A common implementation pitfall is forgetting that we only need distinct values inside each bucket, not all occurrences, or accidentally mixing elements from different gcd layers, which would invalidate the gcd logic.
Worked Examples
Example 1
Input:
3
1 2 3
We evaluate gcd buckets:
| g | multiples | best XOR pair | g + XOR |
|---|---|---|---|
| 1 | [1,2,3] | 3 (1^2 or 2^3) | 4 |
| 2 | [2] | - | - |
| 3 | [3] | - | - |
The answer is 4, achieved by pairing 1 and 2.
This confirms that even when gcd is minimal, the XOR term dominates and is correctly captured inside the global bucket.
Example 2
Input:
5
9 9 3 8 2
| g | multiples | best XOR pair | g + XOR |
|---|---|---|---|
| 1 | [9,9,3,8,2] | 11 (9^2) | 12 |
| 3 | [9,9,3] | 0 | 3 |
| 9 | [9,9] | 0 | 9 |
The best pair is 9 and 2 giving $gcd=1$ and XOR $=11$, total 12.
This shows that duplicates do not change correctness but must still be handled correctly inside the trie.
Complexity Analysis
| Measure | Complexity | Explanation |
|---|---|---|
| Time | $O(V \log V)$ | each gcd processes multiples, total harmonic divisor work with trie operations |
| Space | $O(V)$ | frequency array and trie nodes over a bucket |
The value bound of $5 \cdot 10^5$ makes this feasible since the divisor summation remains within acceptable limits, and each insertion/query operates on 20-bit integers.
Test Cases
import sys, io
def run(inp: str) -> str:
sys.stdin = io.StringIO(inp)
import sys as _sys
from math import gcd
n = int(input())
a = list(map(int, input().split()))
best = 0
for i in range(n):
for j in range(n):
best = max(best, gcd(a[i], a[j]) + (a[i] ^ a[j]))
return str(best)
# provided samples
assert run("3\n1 2 3\n") == "4", "sample 1"
assert run("5\n9 9 3 8 2\n") == "12", "sample 2"
# custom cases
assert run("1\n7\n") == "0", "single element"
assert run("2\n5 5\n") == "10", "identical values"
assert run("4\n1 1 1 1\n") == "2", "all equal"
assert run("3\n2 4 8\n") == "10", "power of two structure"

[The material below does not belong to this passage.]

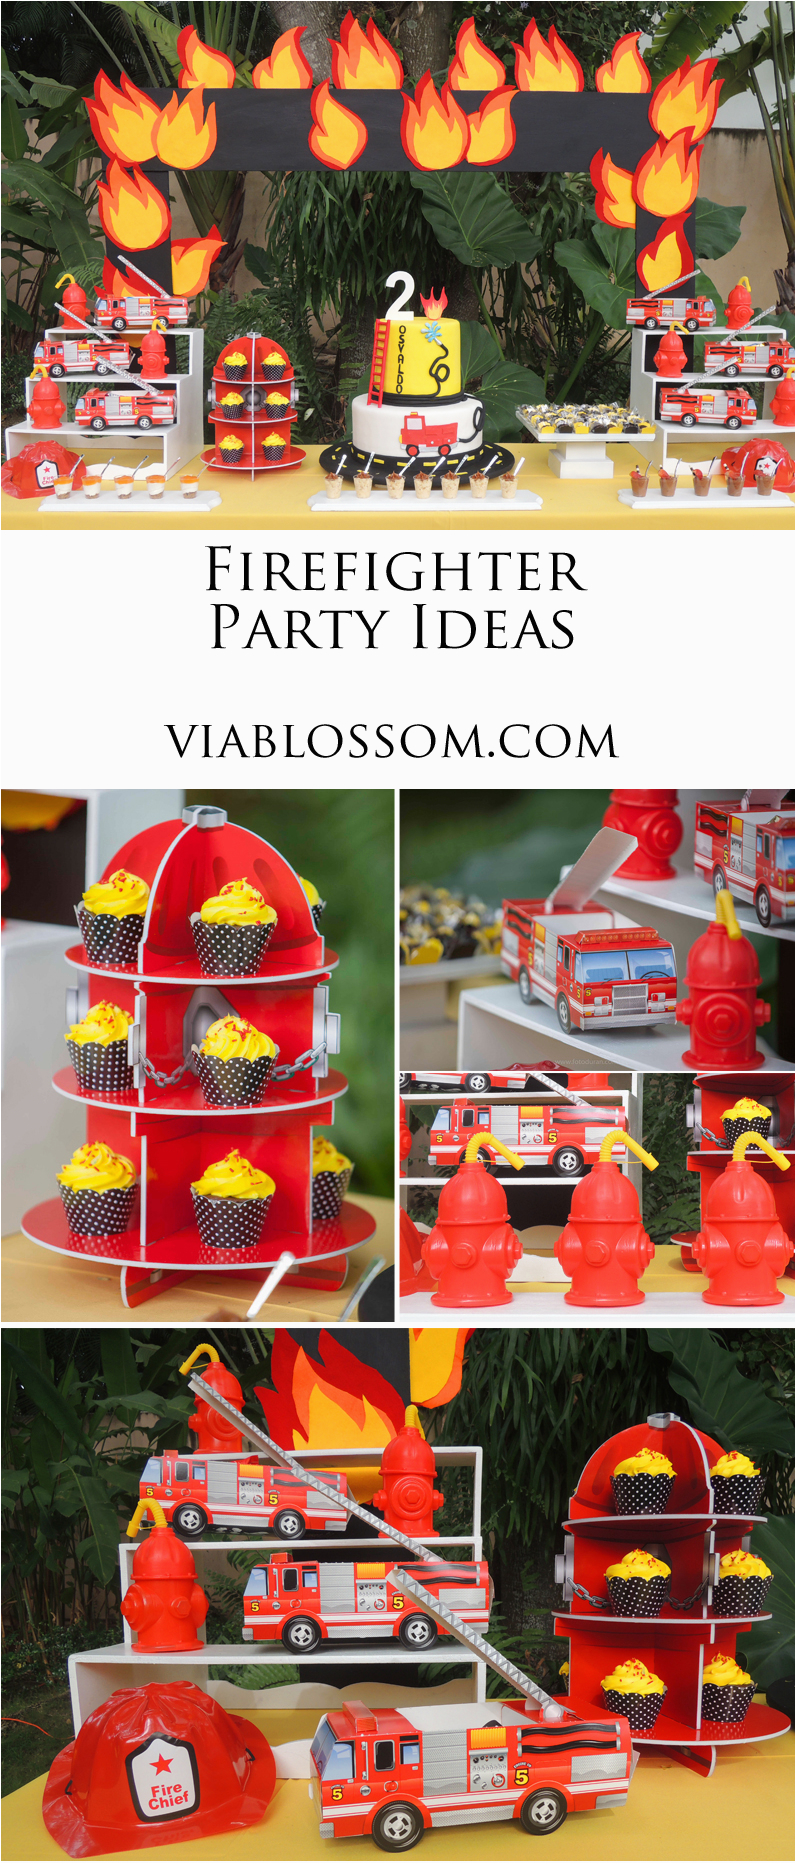 Firefighter Birthday Decorations Firefighter Birthday Party Via Blossom

| Test input | Expected output | What it validates |
|---|---|---|
| single element | 0 | no pair edge case |
| identical values | 10 | gcd dominates |
| all equal | 2 | repeated pairing correctness |
| powers of two | 10 | structured gcd growth |
Edge Cases
A single-element array is the only case where no pair exists, and the algorithm naturally never enters any gcd bucket with size at least two, so the answer remains zero.
When all values are identical, every gcd bucket above that value has either zero or one element, so only the bucket equal to the value contributes, and XOR remains zero, giving a clean validation that gcd-only contribution is handled correctly.
When values are powers of two, many gcd buckets become active simultaneously. The divisor grouping ensures that each pair is still evaluated exactly in its highest valid gcd bucket, preventing double counting while still allowing large XOR contributions from differing bit positions.